Backups: Implementing Zstandard compression instead of Gzip?

Hello everyone,

I recently discovered Zstandard (later abbreviated to zdst) compression, which is an extremely fast (almost realtime) compression algorithm with decent compression performance.
I have a proposal concerning Yunohost backup archives.

Proposal

In Yunohost backups, replace (Tar)Gzip archives by Zstd archives.

Advantages

  • (Several times) Faster backups
  • (Several times) Faster restore
  • Slightly smaller backups
  • Potentially less CPU load (it ends faster)

Drawbacks

  • This new format might confuse some users (who may need to learn new commands, even if there are very similar to gzip commands)
  • Would it broke some app scripts ? Custom user scripts ? External tools ?

Motivation

Archiving and decompressing backups in Yunohost takes time, especially on unpowerful hardware (such as raspberry pi).
Yunohost still use gzip algorithm, which is now a lot slower than other standard algorithms, and not that good in terms of compression ratio. Using a more modern and efficient algorithm could provide our users faster backup&restore, while using less disk space.

Technical details - and why choose Zstandard

Compared to Gzip, according to this benchmark https://engineering.fb.com/2016/08/31/core-data/smaller-and-faster-data-compression-with-zstandard/ (privacy warning: facebook related link), it has a similar compression ratio but compresses about 5 times faster and decompresses about 3.5~4 times faster.
This benchmark also compares it with other common algorithms, such has lz4, zlib, xz.
Short summary: lz4 is lighting fast, but worse in compression ratio and zsdt if fast enough (around 7s/GB) ; zlib is slower ; xz compress more but is almost 100 times slower.

Exemple: a 291MB backup from my Yunohost gives a 68.6MB tar.gzip (after ~10 seconds), a 52.7MB tar.xz (in ~1min), and a 62.8MB tar.zst (after ~1.5s, 10% smaller than gzip).
NB: this test was done with a fast desktop computer, with fast CPU and storage. The times would be a lot longer on most of our users hardware (raspberry pi, …).

Also Zstandard seems to be supported in all modern distributions, yet I’m unsure of its support status on Debian.

Which compression level is better ?

Here is a summary based on personnel benchmarks and some internet research (I can provide details if needed).

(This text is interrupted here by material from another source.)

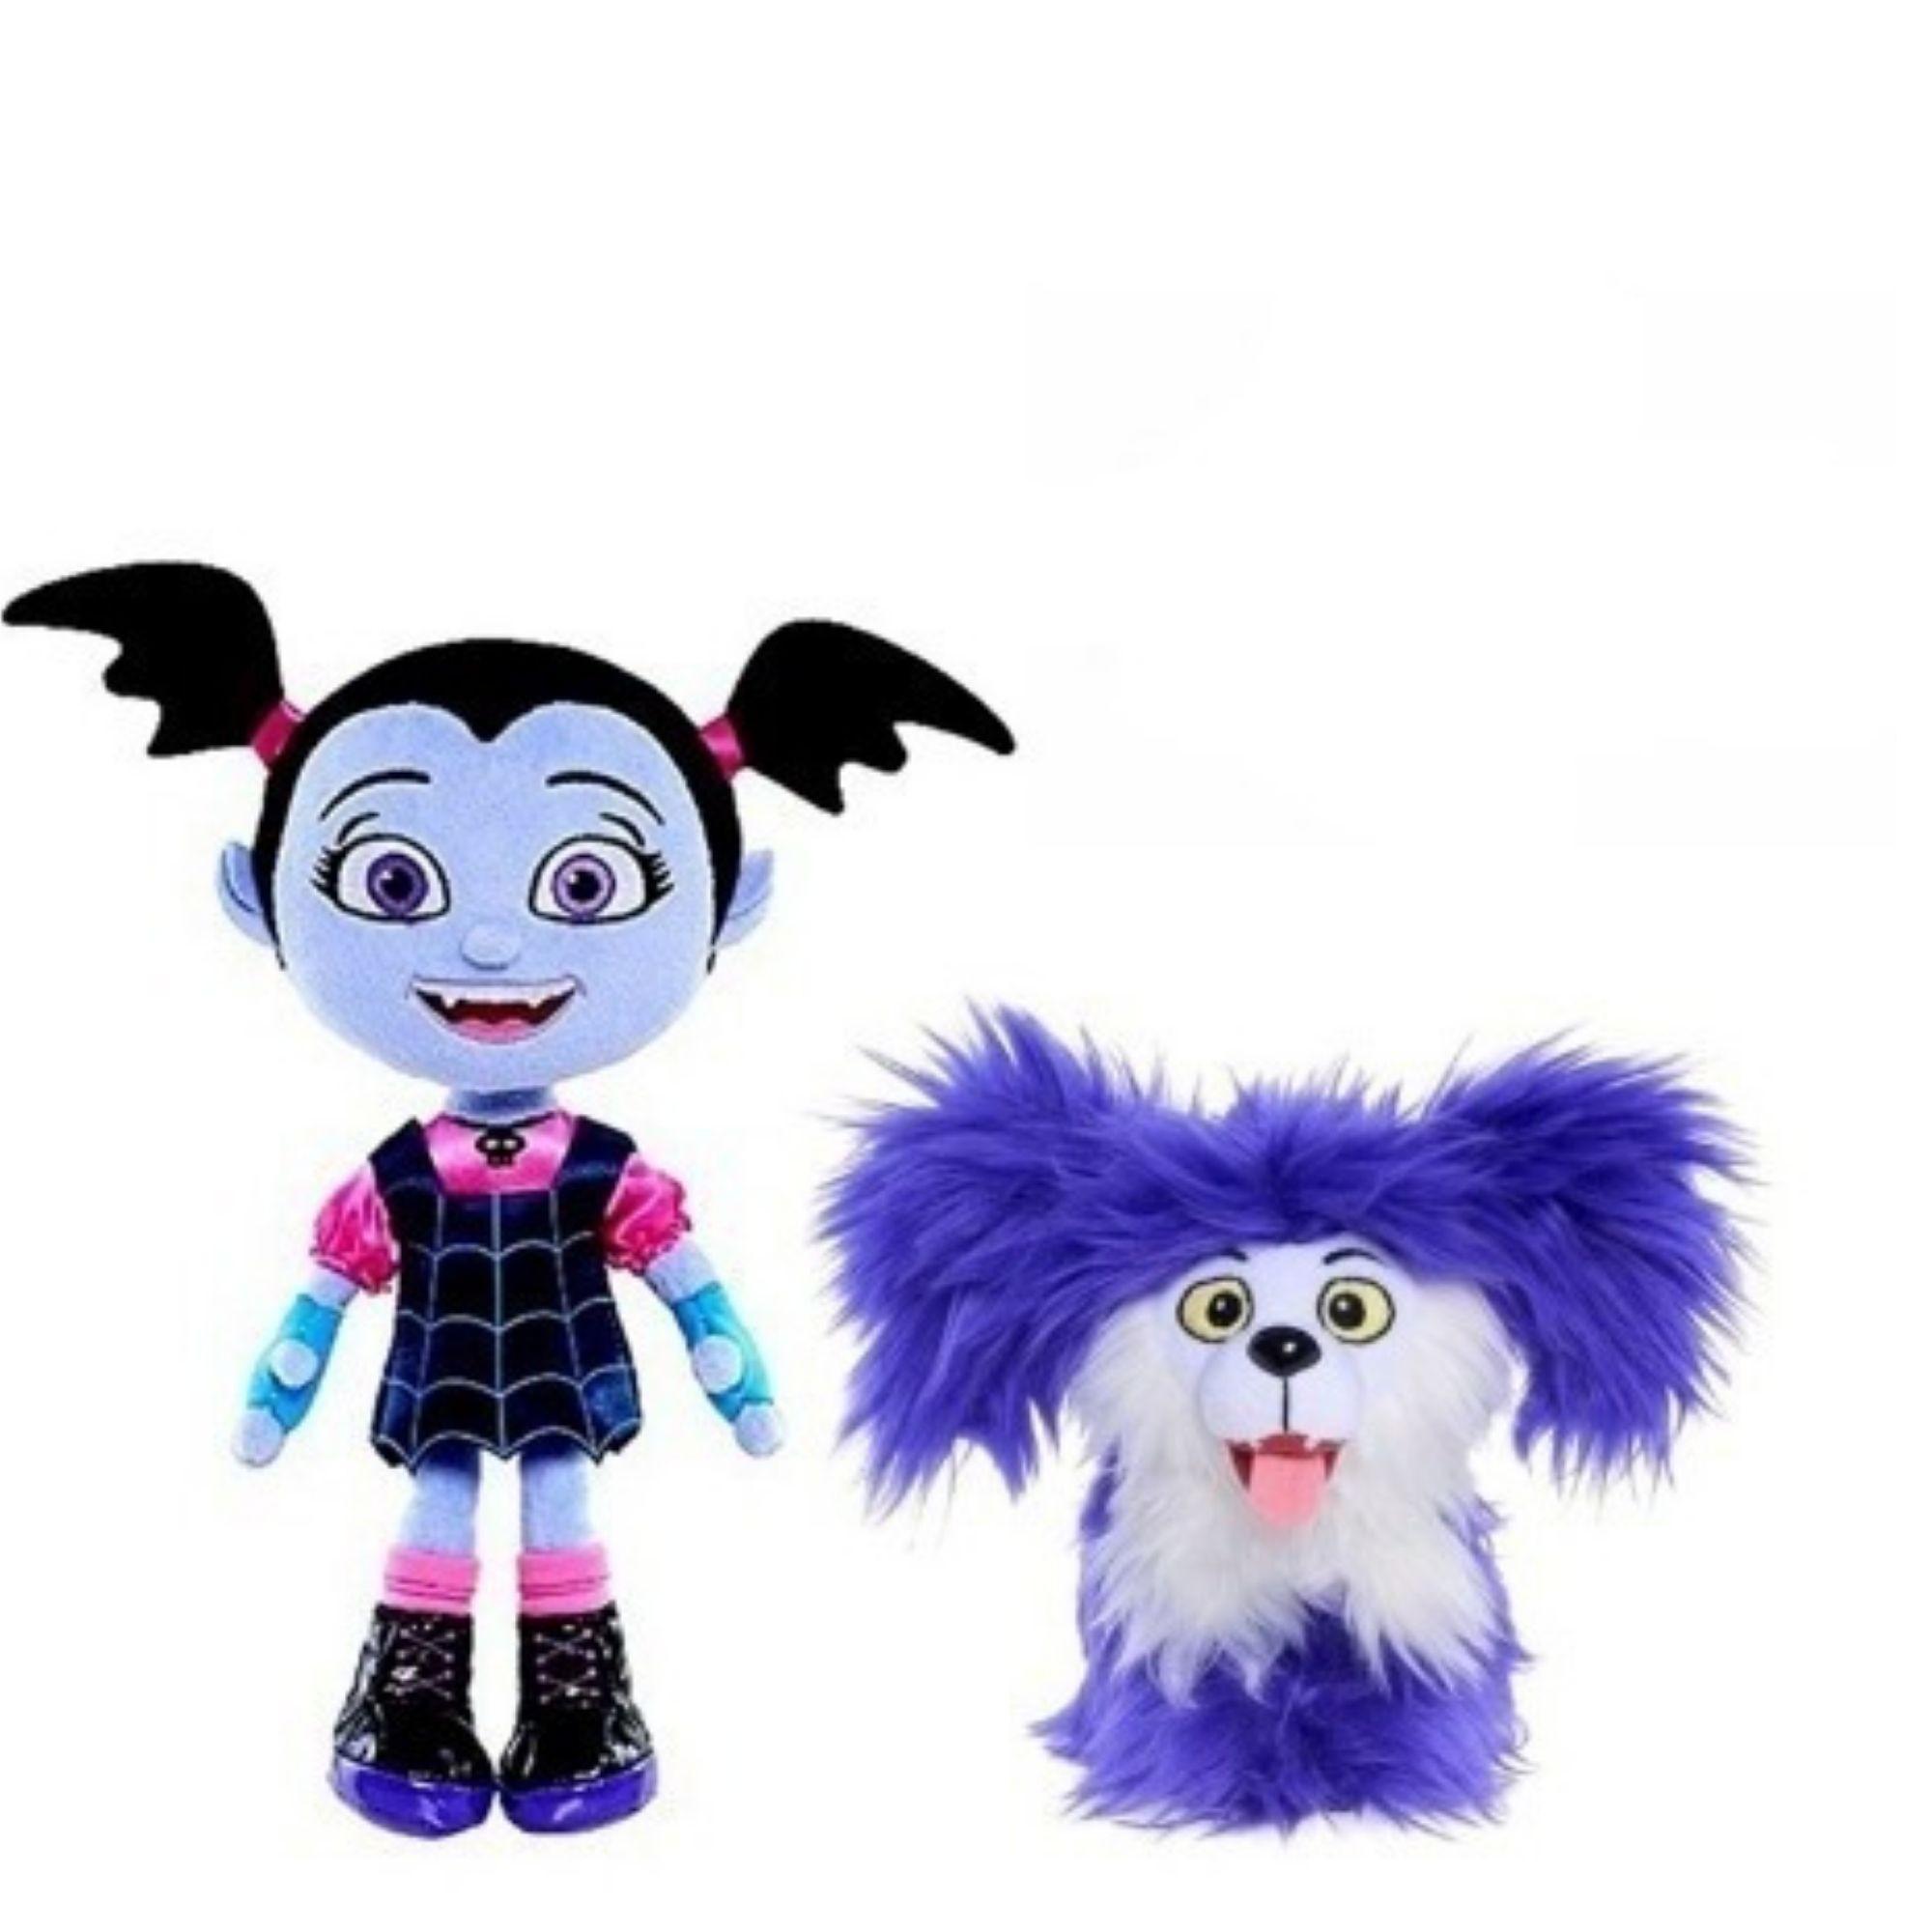 Vampirina Pelucia Kit com 3 Morcego, Woolfie e Vampirina Boneca  - Game Land Brinquedos
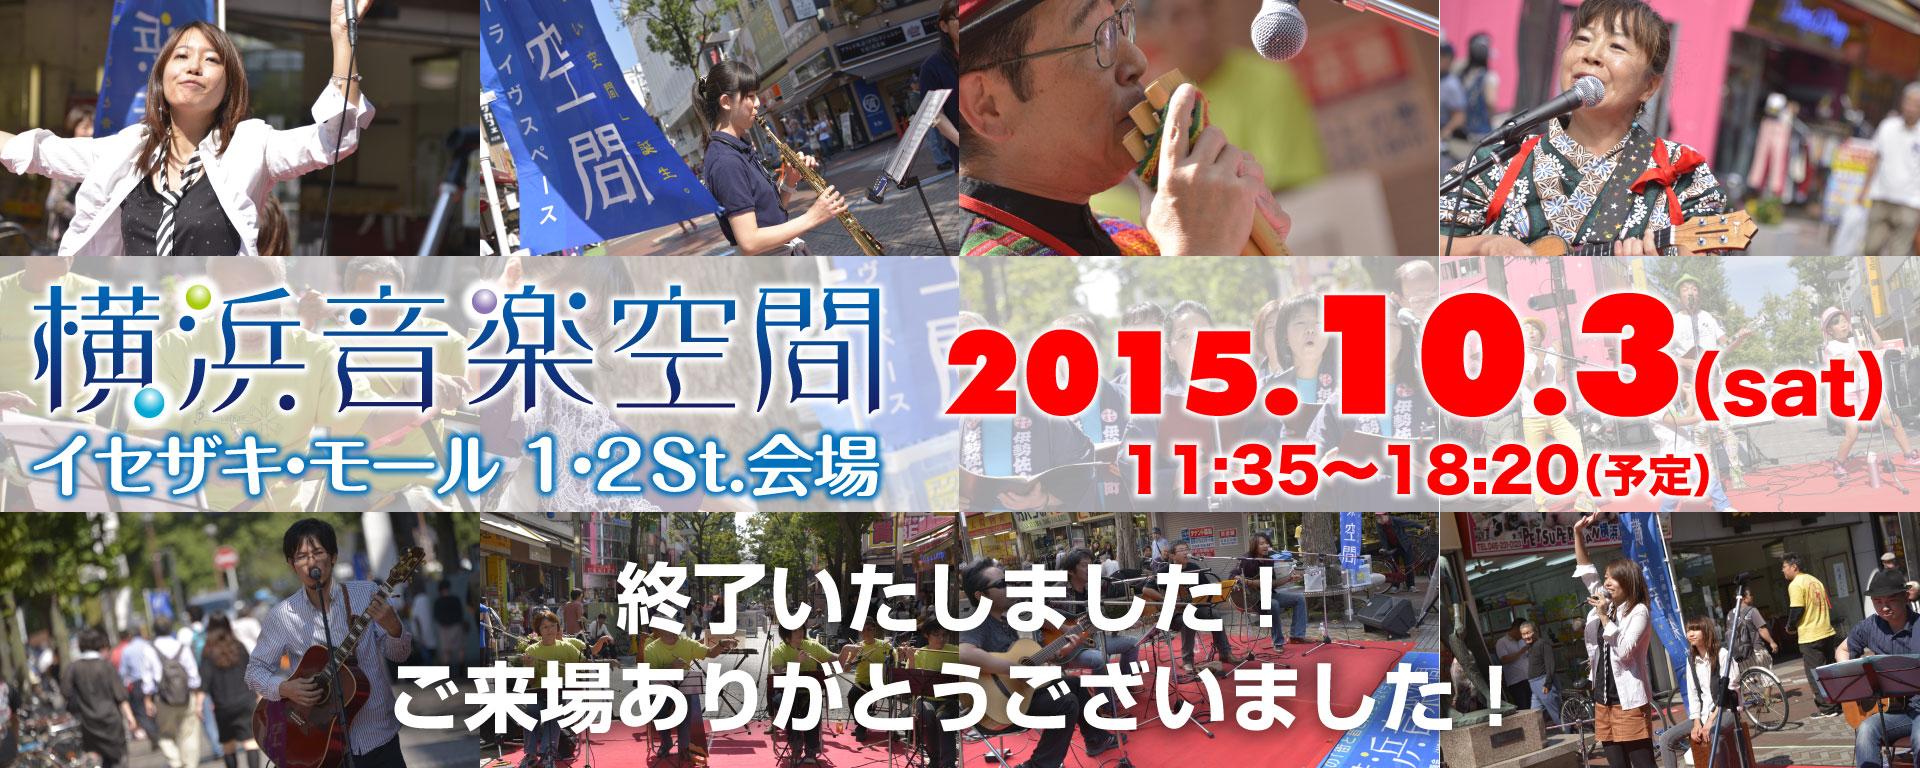 横浜音楽空間2015

  • Compression ratio is very similar between most compression levels (from 1 to 22). A significant bonus is observed for levels higher than 10~15, but the speed cost is very high for little gain. I’d suggest to keep it to level 1, to be as fast as possible.
  • Decompression speed is the same no matter the compression level.
2 Likes

Note: in recent version of yunohost (maybe in testing?) backup archives are not compressed at all.

Is that supposed to be the case in production in the future ?
If yes, why ? Compression saves us a lot of disk space (which is expensive/limited for most users)
And if it’s a matter of speed, I’d think that this algorithm could solve the problem.

The rationale is the following : when we’re talking about “big” yunohost backups (talking about > 1~10GB), the bulk of the data usually corresponds to multimedia files, which are already compressed - and therefore trying to compress these is a huge waste of time/cpu (because the algorithm desperately tries to compress something) for no benefit. We saw many people reporting their backup/restore taking a huge time, which is probably related to this.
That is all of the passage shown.